→ RECORDS
********

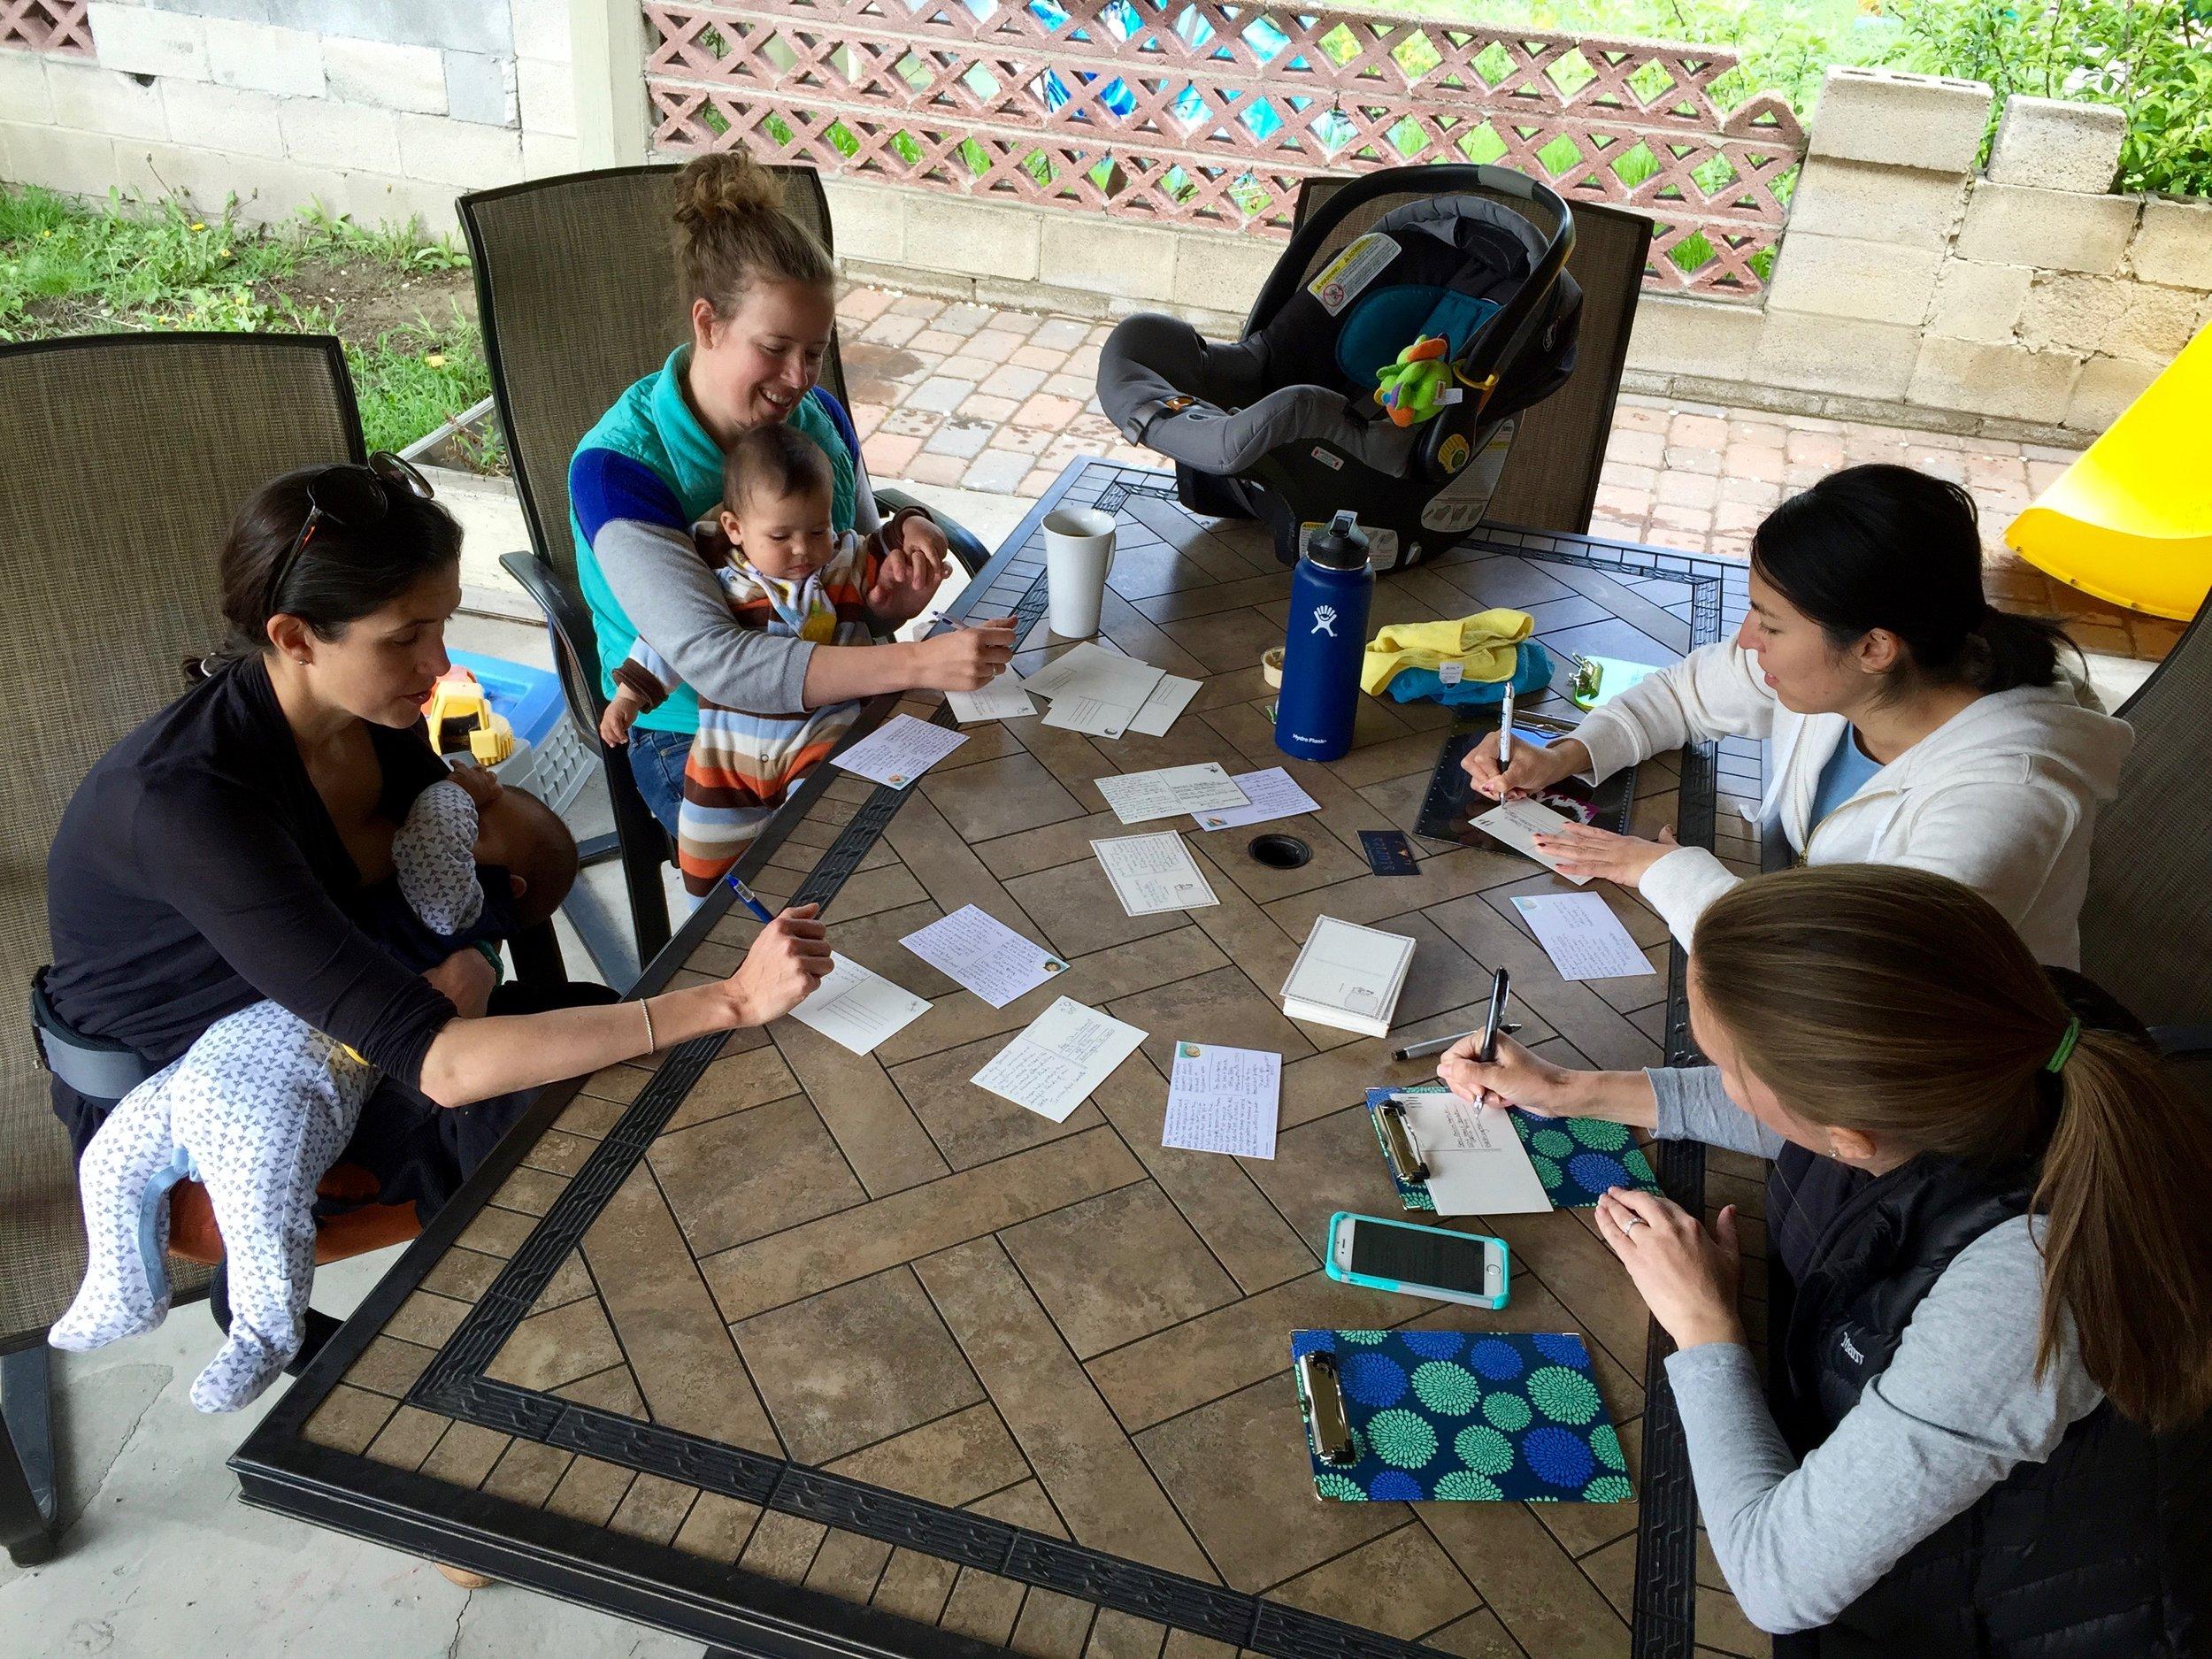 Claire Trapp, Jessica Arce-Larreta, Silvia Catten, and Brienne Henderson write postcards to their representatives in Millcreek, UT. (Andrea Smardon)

********

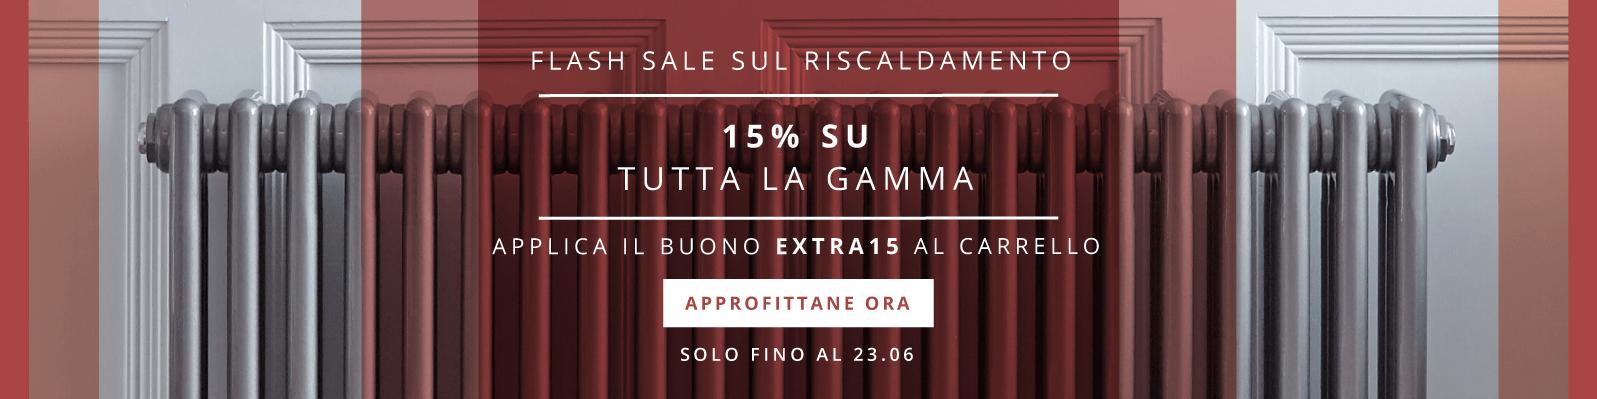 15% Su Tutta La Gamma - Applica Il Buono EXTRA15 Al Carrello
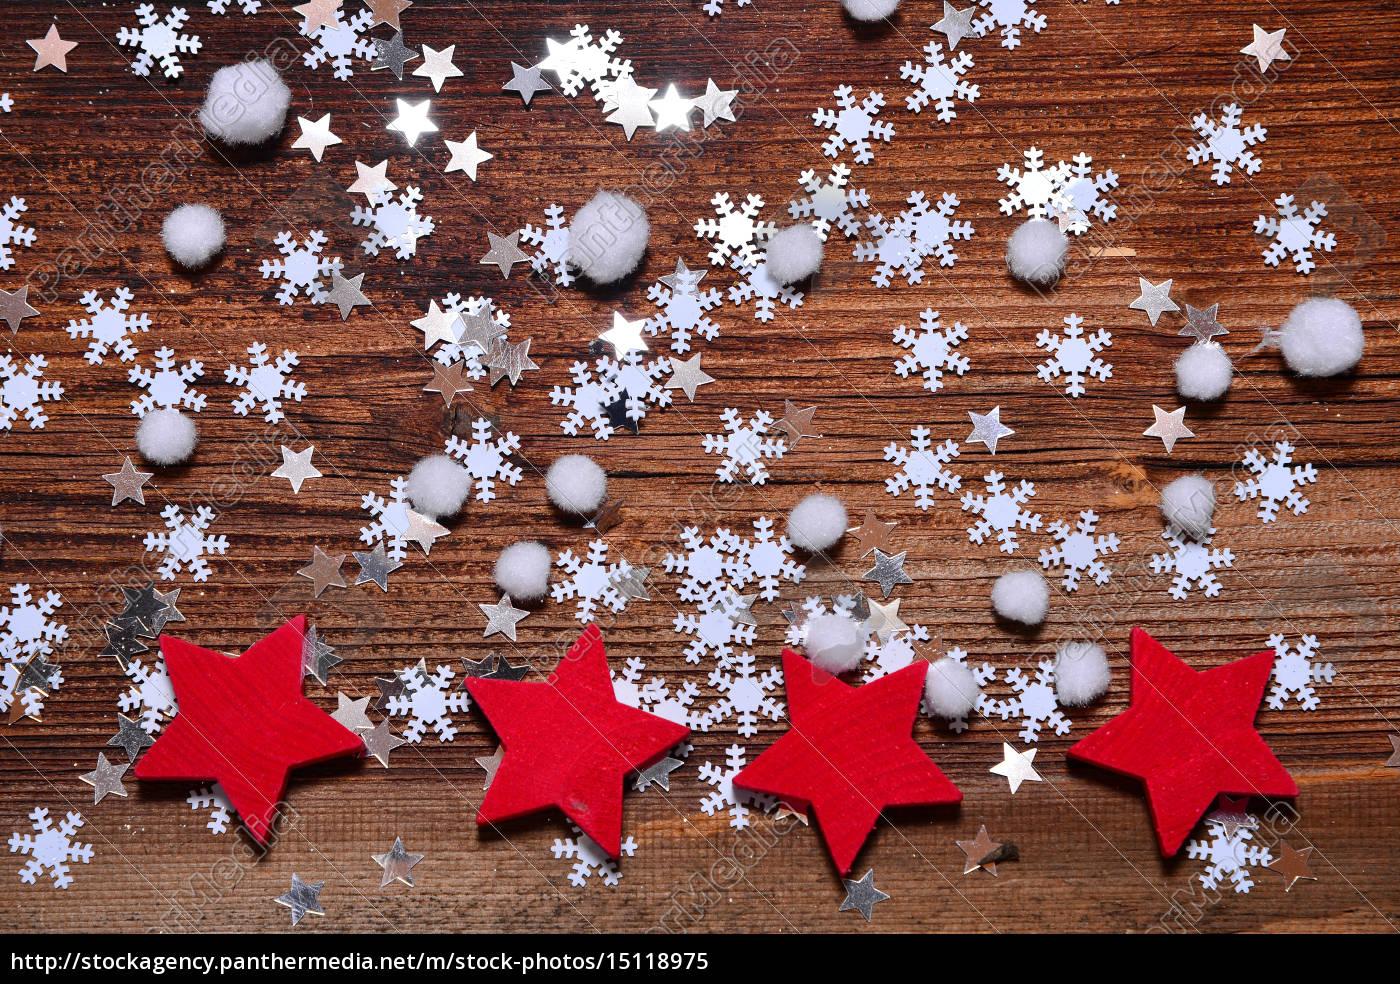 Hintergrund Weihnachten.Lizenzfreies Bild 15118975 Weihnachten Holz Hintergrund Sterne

********

→ TASK TO CARRY OUT
In the listing above, find the line containing "15% Su Tutta" and the line containing "Hintergrund Weihnachten.Lizenzfreies Bild", then write out both of them and every line between, exactly, with no pictures.

→ TASK SOLUTION
 15% Su Tutta La Gamma - Applica Il Buono EXTRA15 Al Carrello
 Hintergrund Weihnachten.Lizenzfreies Bild 15118975 Weihnachten Holz Hintergrund Sterne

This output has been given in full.